Is it wrong to start your abstract with a question?

As an author, you can choose different styles for abstracts. As far as I know, the most interesting and shortest abstract ever was written in this paper, Can apparent superluminal neutrino speeds be explained as a quantum weak measurement? by M V Berry, N Brunner, S Popescu and P Shukla.

Abstract

Probably not.


As others said, this is a matter of style of convention and taste.

Compare these two abstracts:

Does every compact Hausdorff space admit a compatible metric? In this work we show that the answer is positive exactly in the case where the space is second-countable.

And

We show that a compact Hausdorff space admits a compatible metric if and only if it is second-countable.

Both have the same content, but only one of them feels like it actually invites you to read the paper. It starts by asking you a question, which to some extent is intriguing, and then provides you with a complete answer.

Papers should be something that is read by people. As such, the writing style should not be dry. I'm not saying that you should go overboard with elaborate writing and storytelling devices, but sprucing up your writing a little bit using questions or explanations is a good thing; it can help to make your paper much more palatable.

As for your friend's comment? Well, if he can judge the content of a paper by the first sentence of the abstract, I'm sure that he can skip the abstract altogether and just judge a paper by the title.
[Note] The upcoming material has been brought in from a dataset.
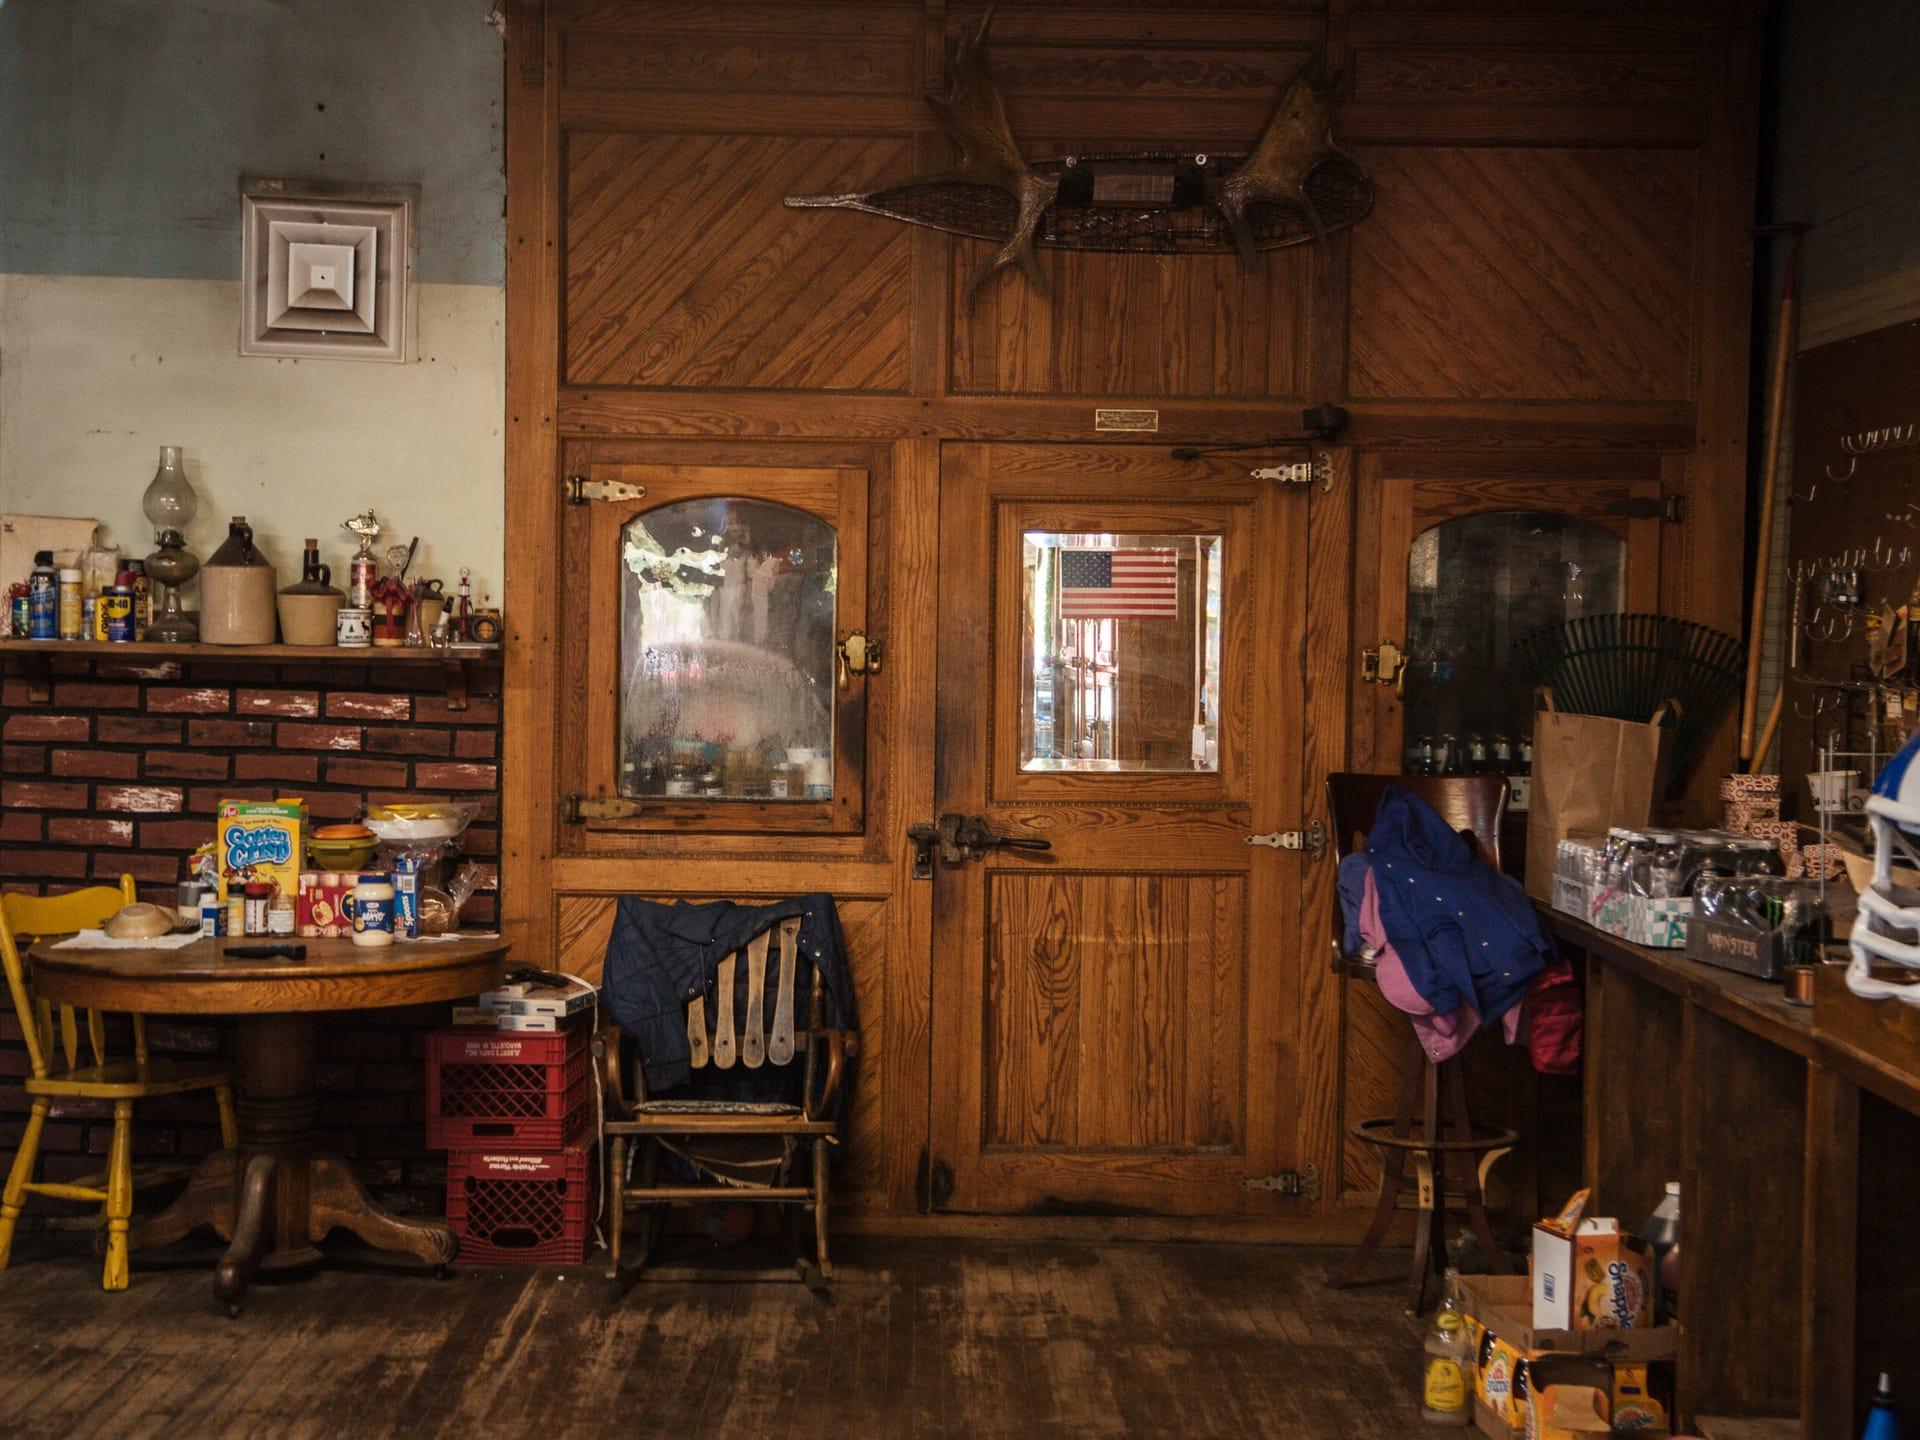 An antique, walk-in cooler inside the Phoenix Store
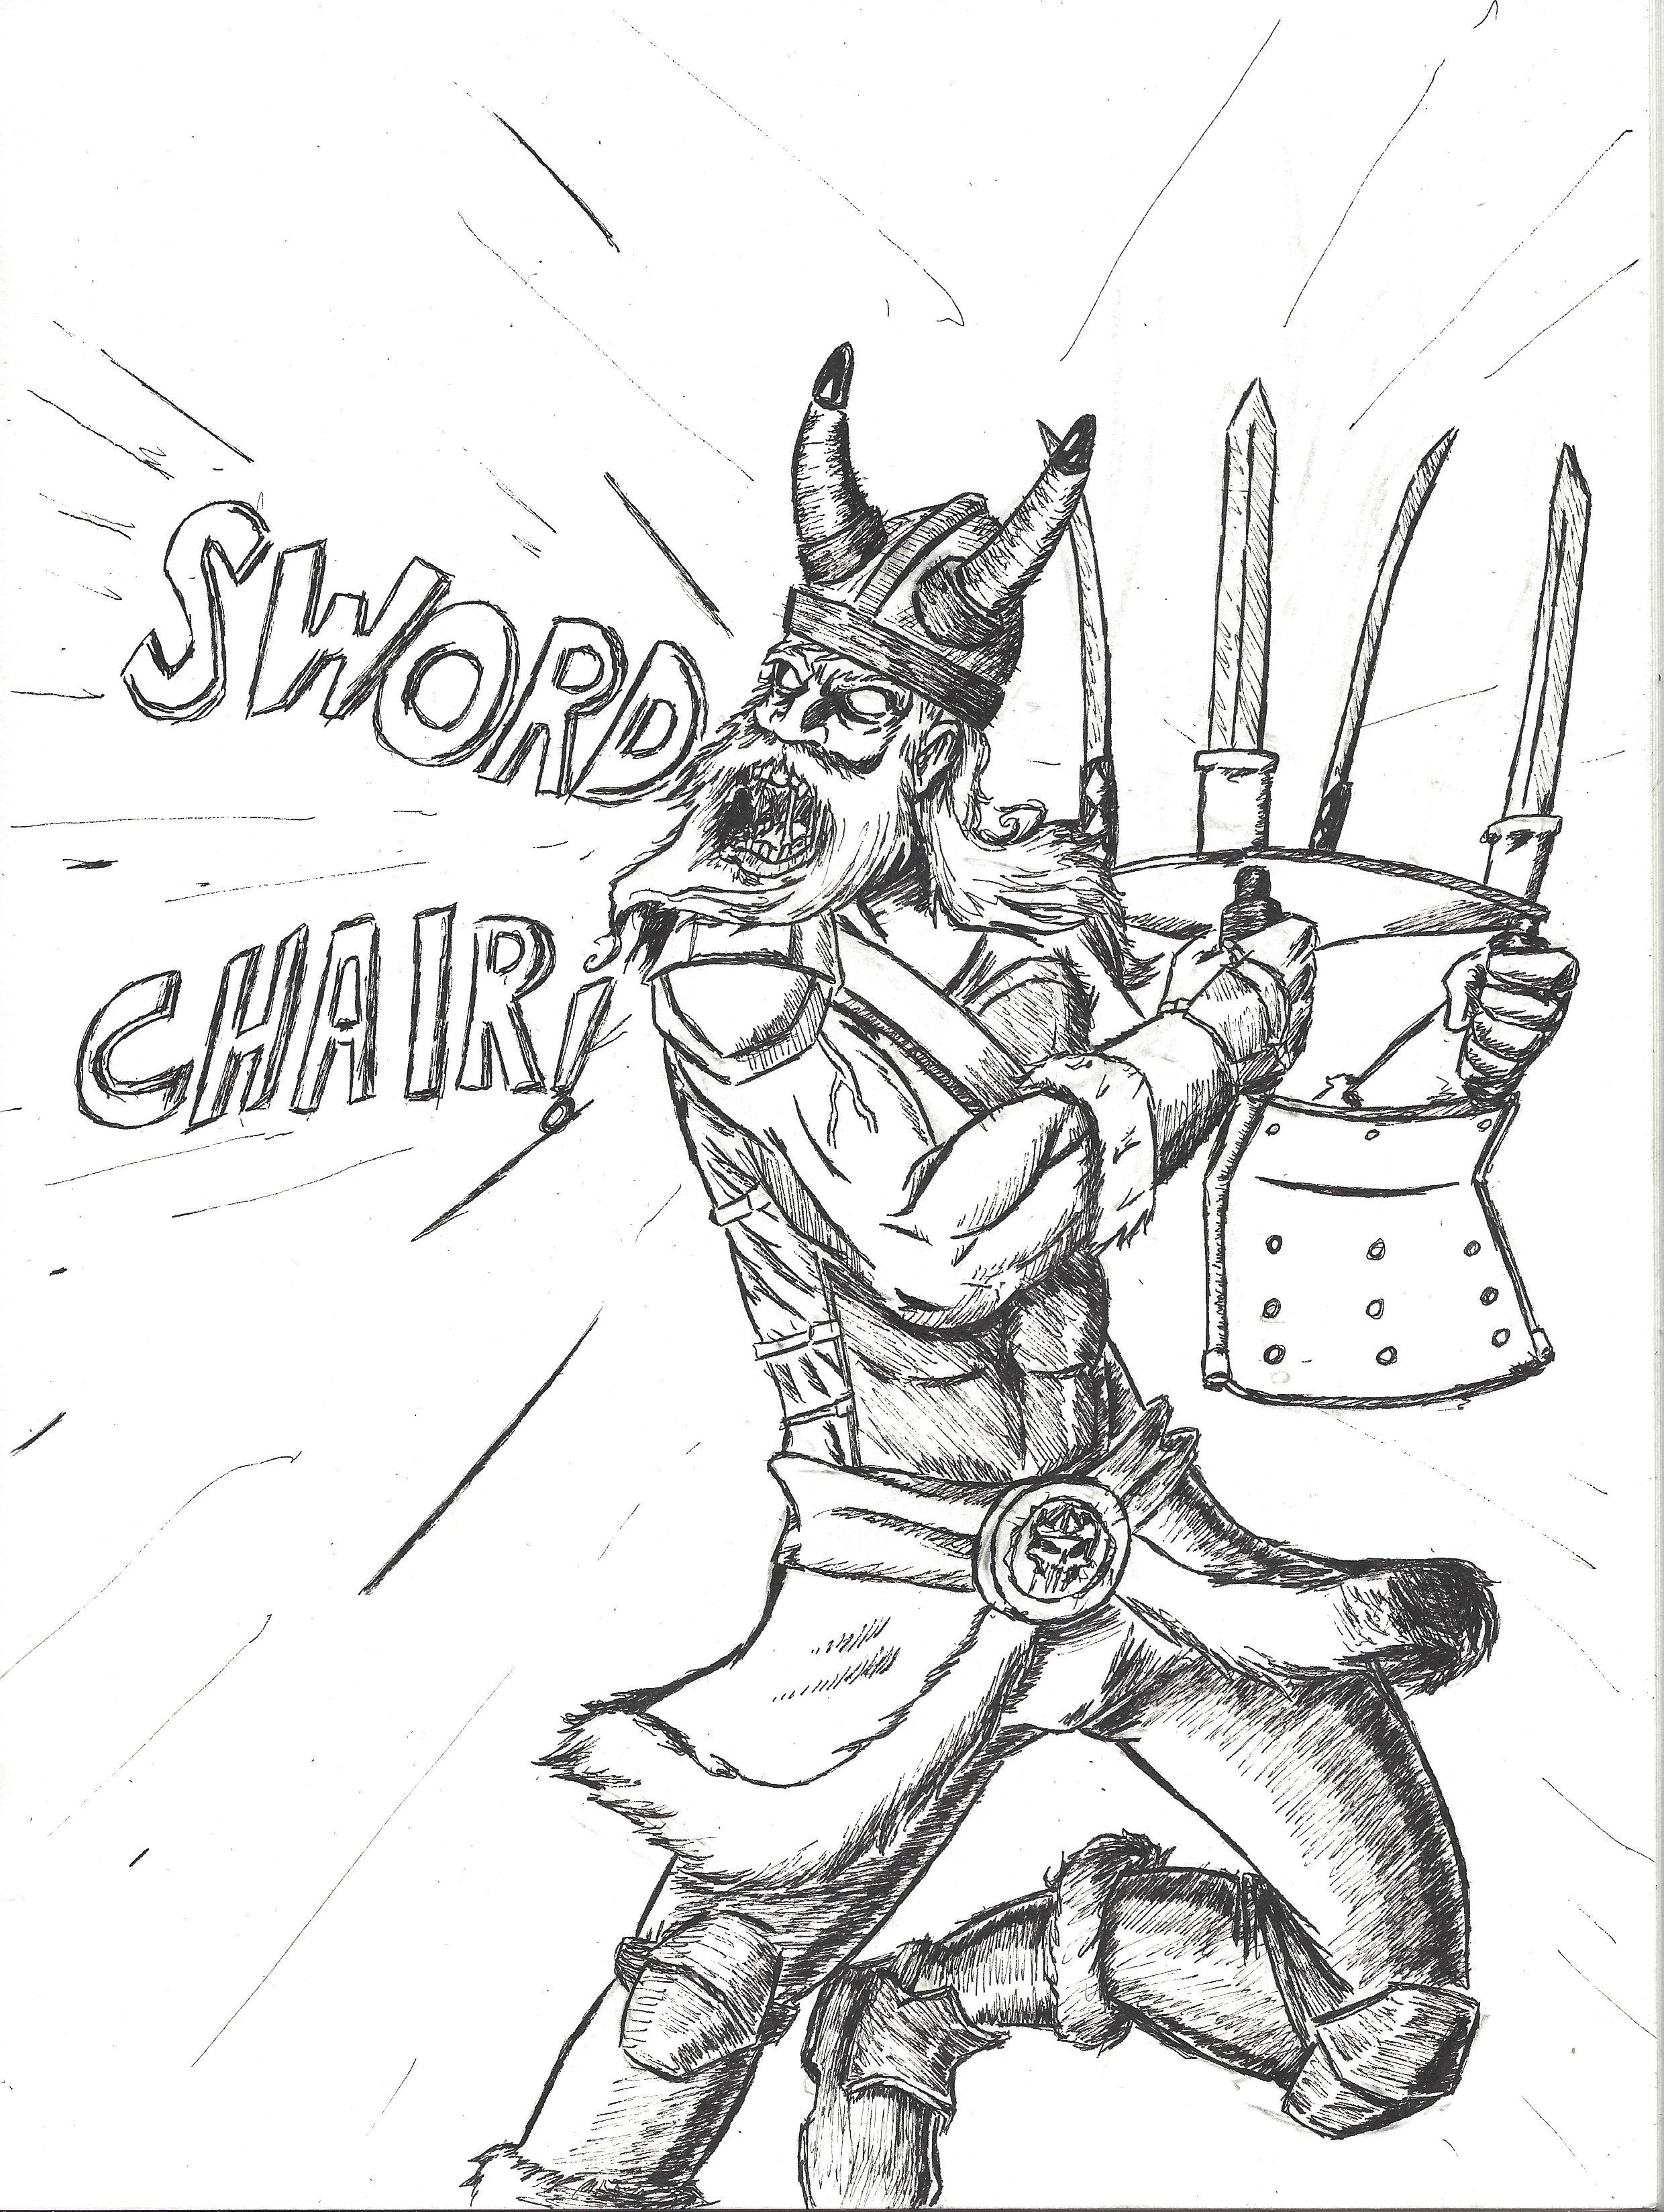 Sword Chair!?

I mean, why waste time reading two sentences?


"I will never start an abstract with questions, and I will never read this paper if it starts with questions."

These are your friend's personal opinions regarding abstracts.

If you take a moment to read a cursory sample of published research abstracts, how many of them have a question? Isn't the purpose of research to answer questions?

As for your friend, politely agree to disagree. You decide what will be published.

Focus on whether or not your abstract effectively summarizes your body of research and its greater importance to the field. This is the purpose of the abstract, whether or not you choose to use a question or not is a matter of style and the input from your co-authors, editors, and confidants.

Remember that this is your work, not theirs.